I just went to plug in my nikon battery charger (MH-24) and its making a high pitched whirring/ humming sound. Its pretty audible, enough that I could hear it from across the room. I have NEVER noticed this before. Should I discontinue use? Or is this normal?


----------



## tirediron (Nov 5, 2014)

Is it charging the batteries?  If so, and it's not getting hot, I wouldn't worry about it. I've not experienced that with a Nikon battery charger, but the one I have for my bicycle headlight puts out a whine that makes every dog in a five block radius howl in pain.


----------



## JustJazzie (Nov 5, 2014)

tirediron said:


> Is it charging the batteries?  If so, and it's not getting hot, I wouldn't worry about it. I've not experienced that with a Nikon battery charger, but the one I have for my bicycle headlight puts out a whine that makes every dog in a five block radius howl in pain.

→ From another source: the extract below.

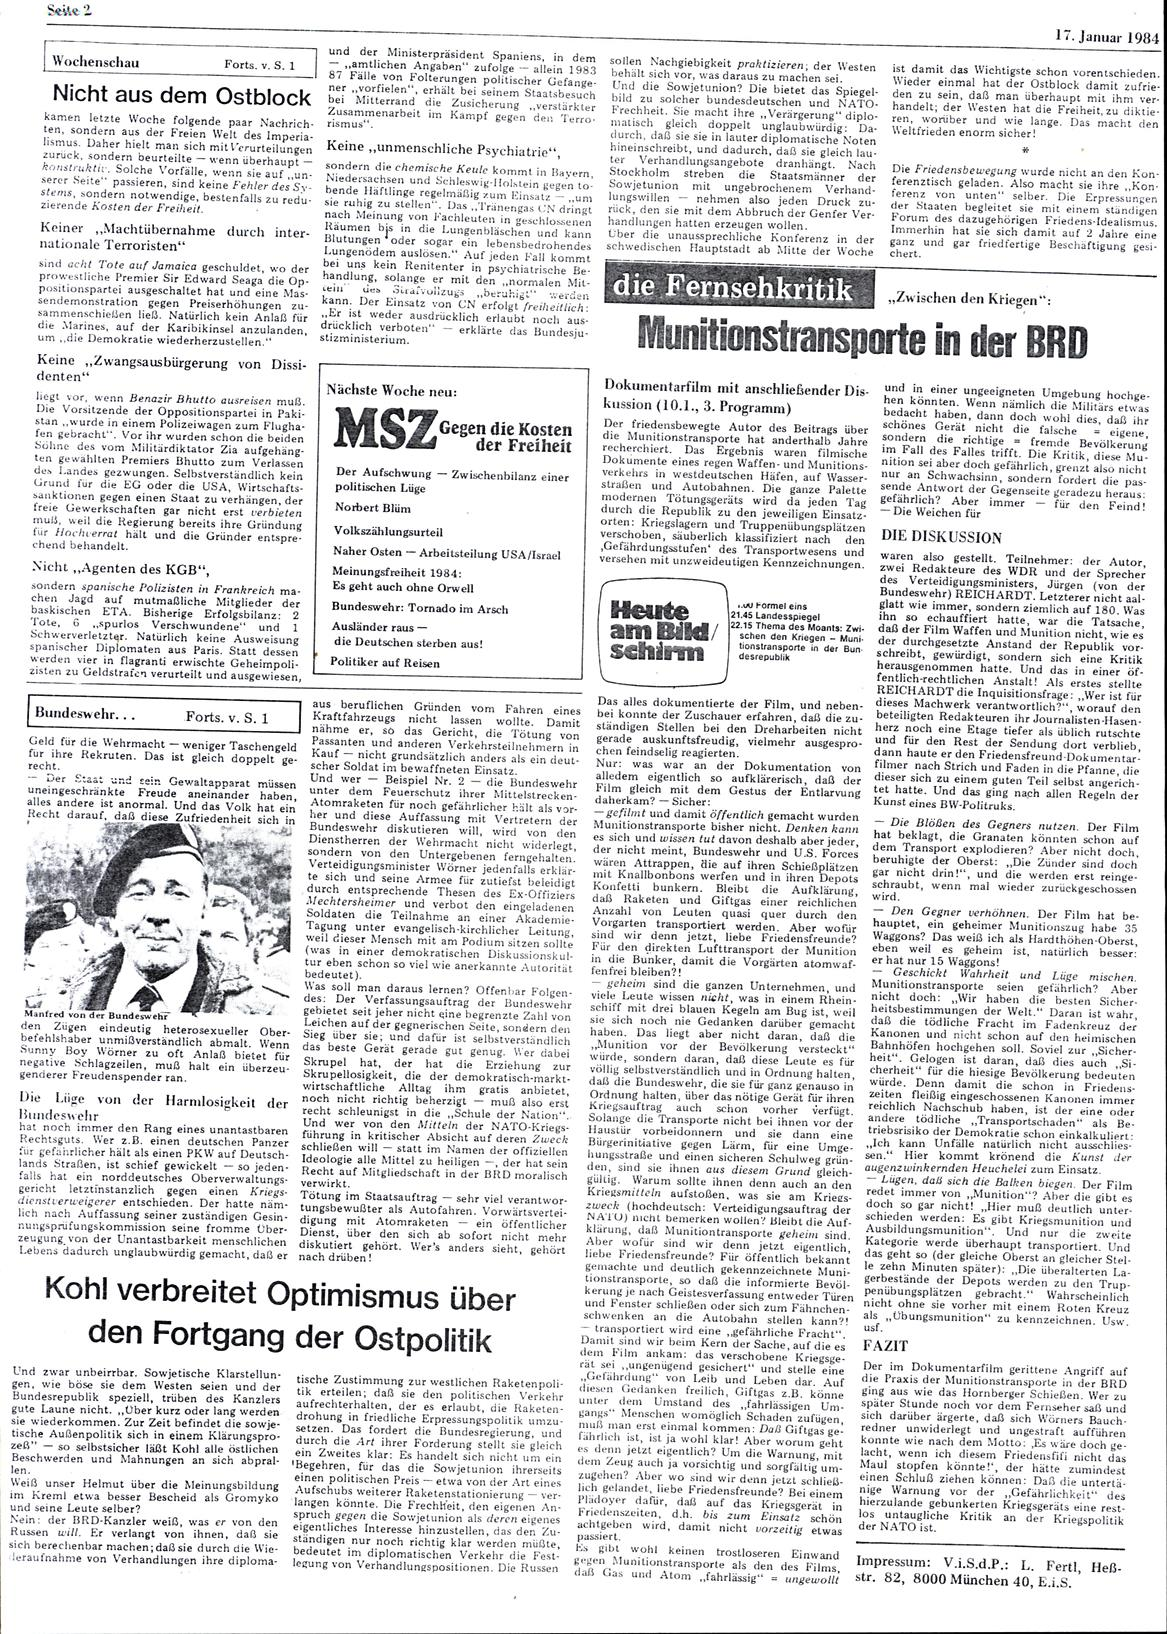 Bochum_BHZ_19840117_085_002

It was charging, and I didn't really give it enough time to get hot. Ill plug it back in and keep an eye on it. Thanks.


----------



## Designer (Nov 5, 2014)

Don't over-charge your battery.  You should disconnect it from the charger as soon as the charge is complete.  If the components get a little bit warm, that's normal.


----------



## Overread (Nov 5, 2014)

If its never done it before (and you're sure its not just the first time you've noticed it) then I'd stop using it. 

Generally speaking when a machine or device starts to make a new or different sound it means that either something is wearing out through use or its broken or just about to break. 

Since this isn't something with moving parts I'd take the cautious path and stop using it. Last thing you want is for the thing to catch fire or fry your battery (or worse not properly charge it and have the battery die on you whilst on a shoot). 



Most devices that will whine will do it all the time - my twinflash whines whilst recharging (to the point where I use an external battery pack which helps a LOT in cutting down on the noise and recharges it faster).


----------



## KmH (Nov 5, 2014)

There are no moving parts in a Nikon battery charger.
Capacitors (a kind of battery) often make a noise when they are charging. The noise often more noticeable when capacitors are forming.


----------



## dannylightning (Nov 5, 2014)

if there is something wrong with the charger there is a possibility that it could hurt your battery, not charge it all the way  or even catch fire.  

I have the MH-24 charger and it does not make any noise at all as far as I can tell, if it does make any noise I have not heard it so its not very loud if it does.

I remember reading a post some place saying there were a bunch of those MH-24 chargers that were defective but I cant remember the details except it was not fully charging the batterys,  mine has been working well so far and I hope it stays that way.


----------



## JustJazzie (Nov 5, 2014)

Thanks for all the responses. I usually charge it in the great room where the ceilings are high and the noise disperses. This time I had it in the photo room for the first time, a small space so I can't say weather it is normal or not. I moved it back up stairs and couldn't hear it unless I put my ear up to it, and it did not over heat so I will just keep an eye on it from now on.

Thanks again!


----------



## astroNikon (Nov 5, 2014)

tirediron said:


> Is it charging the batteries?  If so, and it's not getting hot, I wouldn't worry about it. I've not experienced that with a Nikon battery charger, but the one I have for my bicycle headlight puts out a whine that makes every dog in a five block radius howl in pain.


buy a new bicycle


----------